Assigned task: Locate "Food emojis" in the data below, then output the line it is on and all following lines through the last, word for word. Skip any pictures.

Information supplied:
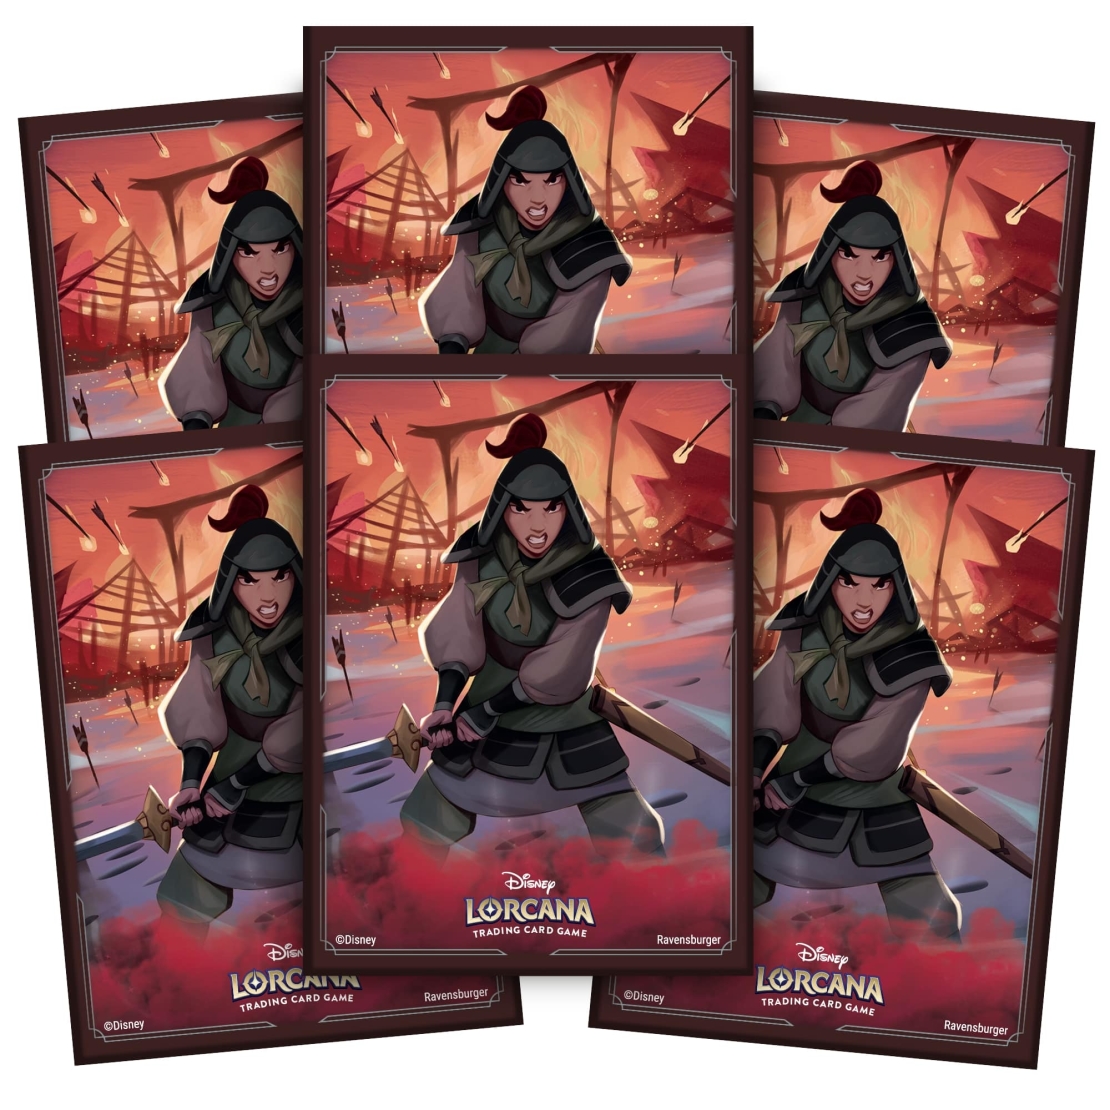 Disney Lorcana - Mulan протектори за карти (65)
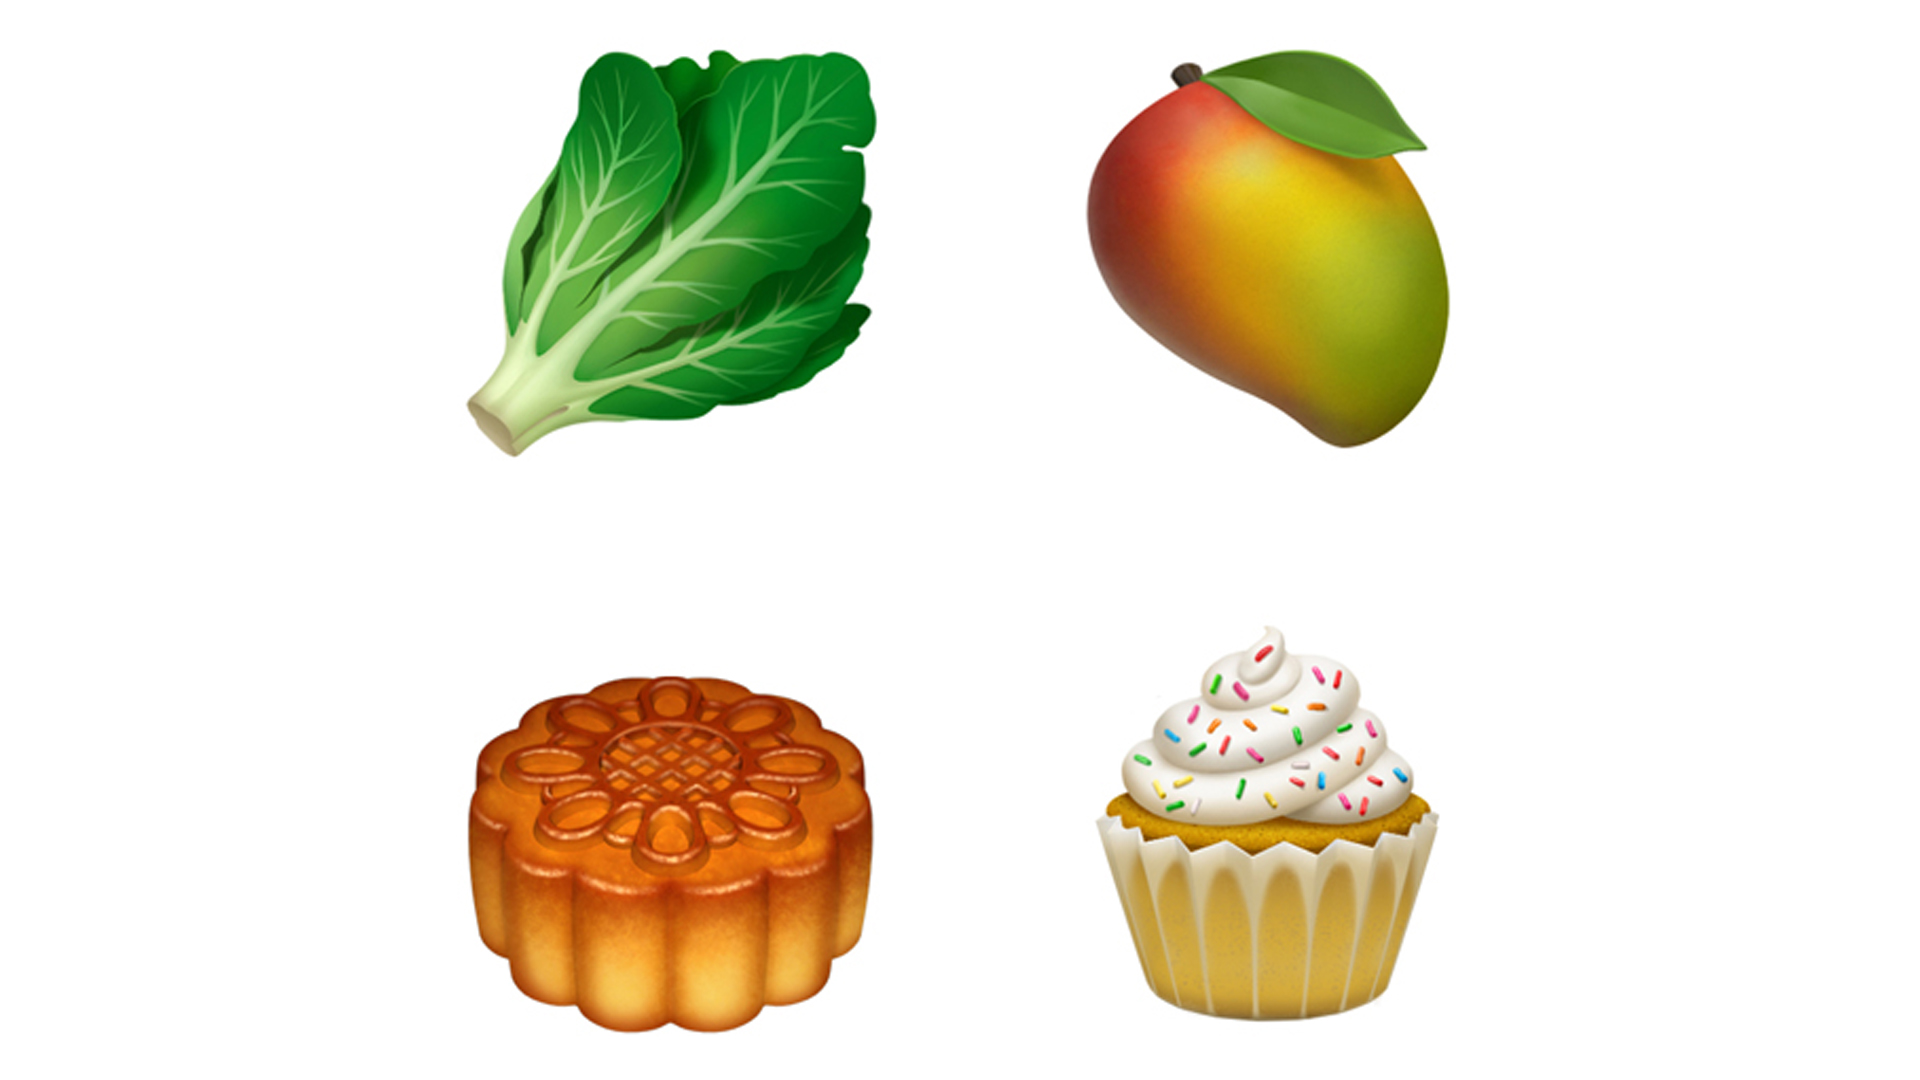 Food emojis
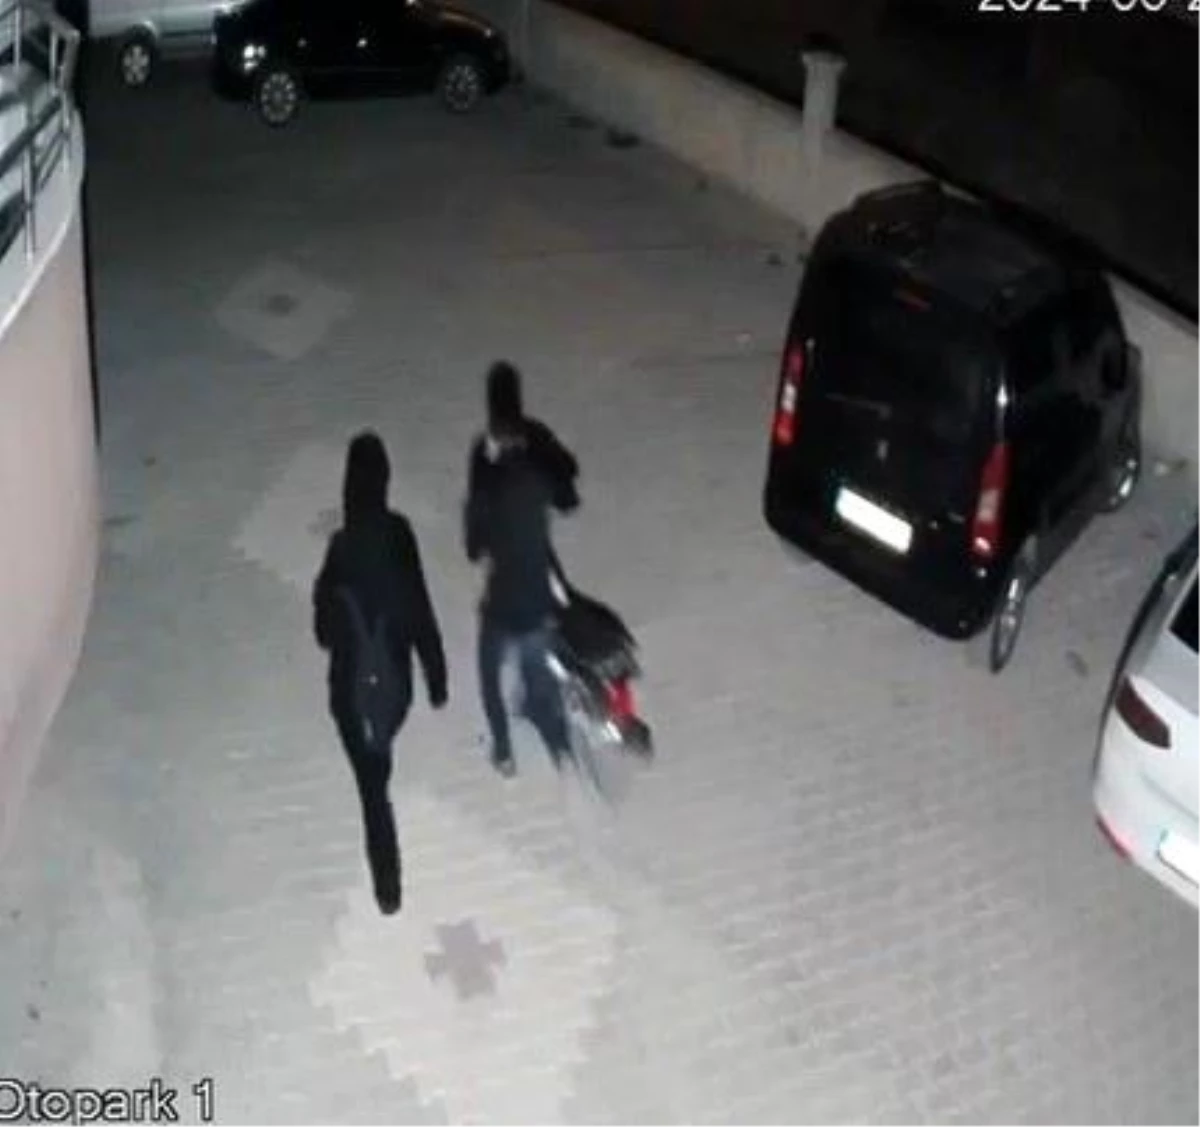 Konya'da Motosiklet Hırsızlığına Karışan 2 Kişi Tutuklandı

Answer area:
 Food emojis
 Konya'da Motosiklet Hırsızlığına Karışan 2 Kişi Tutuklandı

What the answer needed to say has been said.